Однажды я вернулся домой поздно. С порога я услышал голоса Исилы и Сауно.

— …Ну и что же, — говорила Сауно. — В тринадцать лет и я уже не была девчонкой. Вспомни, разве в те годы я не была похожа на взрослую женщину? А Пьяри пошел уже четырнадцатый год.

— Так в чем же дело? Сукхрам тоже стал взрослым.

— Э, в нем не видно кипения молодости. И вино-то он по-настоящему не пьет, каждый раз морщится, и с девушками его ни разу не заставали. Что же это за парень? Он и ругаться-то толком не умеет. Мужчина! Воровать тоже не ворует, ни в карты, ни в кости не играет…

— А знаешь, почему? — Исила хитро прищурил глаза. — Он боится меня, боится, что я его убью.

— Убьешь?

— Ну да. Я же ему пригрозил тогда.

— Ты что, и к Пьяри запретил ему прикасаться? Э, да если он не покажет себя мужчиной, разве она ляжет с ним?

— Что ты болтаешь, Сауно!

— Ох-ох-ох, будто ты и сам не знаешь. Будто Пьяри не моя дочь! Женщина хочет жить с настоящим мужчиной. Если твой Сукхрам ничего не может, Пьяри найдет себе другого.

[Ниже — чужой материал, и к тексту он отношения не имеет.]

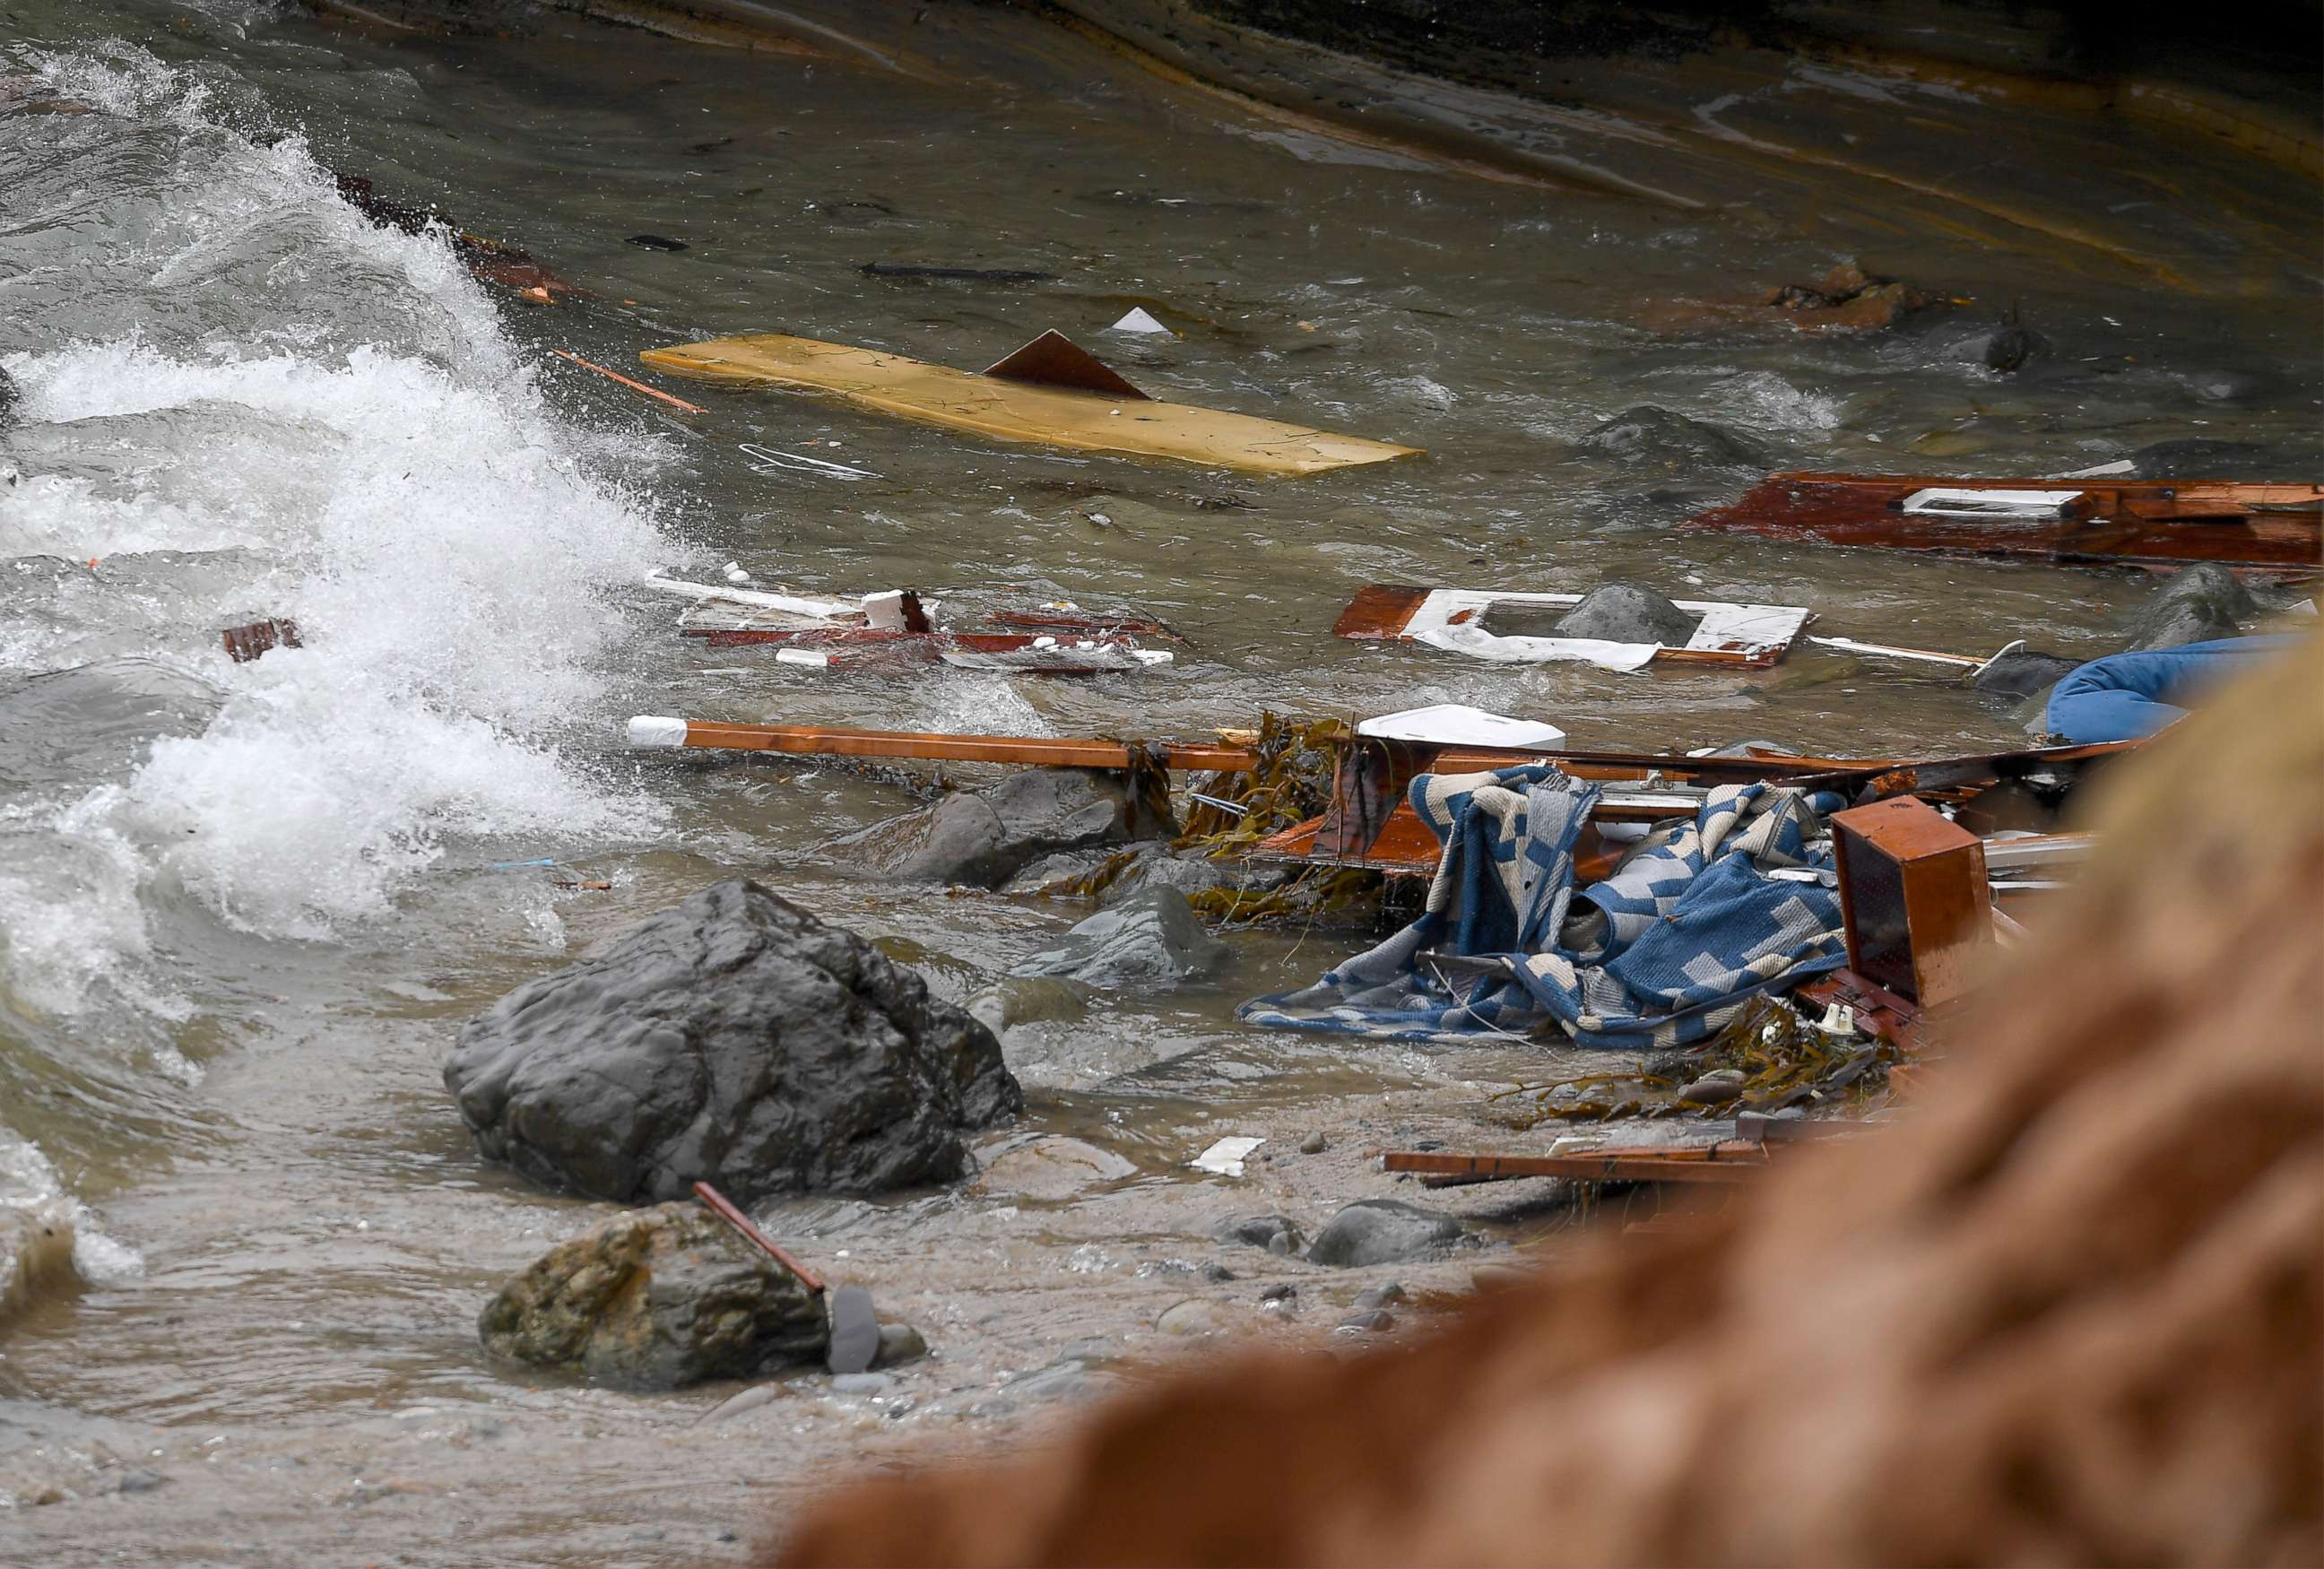 PHOTO: Wreckage and debris from a capsized boat washes ashore at Cabrillo National Monument near where a boat capsized just off the San Diego coast, May 2, 2021, in San Diego.

— Замолчи, Сауно! Стыда у тебя нет! Они еще дети!

— Много ты понимаешь, — усмехнулась Сауно. — Дети!

Послышались чьи-то осторожные шаги. Кто-то подошел ко мне. Я узнал походку Пьяри и в темноте протянул к ней руки. Пьяри обняла меня за шею и прижалась ко мне. И я вдруг почувствовал себя взрослым мужчиной, а Пьяри была моей женщиной.

— Э, да что тебе говорить, — вновь послышался голос Сауно. — Ты уже состарился.

— А ты все еще молодая?

— Говорю тебе, девчонка сбежит с кем-нибудь.

Я крепче обнял Пьяри и почувствовал, как кровь стремительно побежала по моим жилам, а сердце громко и часто забилось, его удары гулко отдавались у меня в ушах. Я еще сильнее, до боли в руках, сжал Пьяри, но она даже не поморщилась, а только теснее приникла ко мне.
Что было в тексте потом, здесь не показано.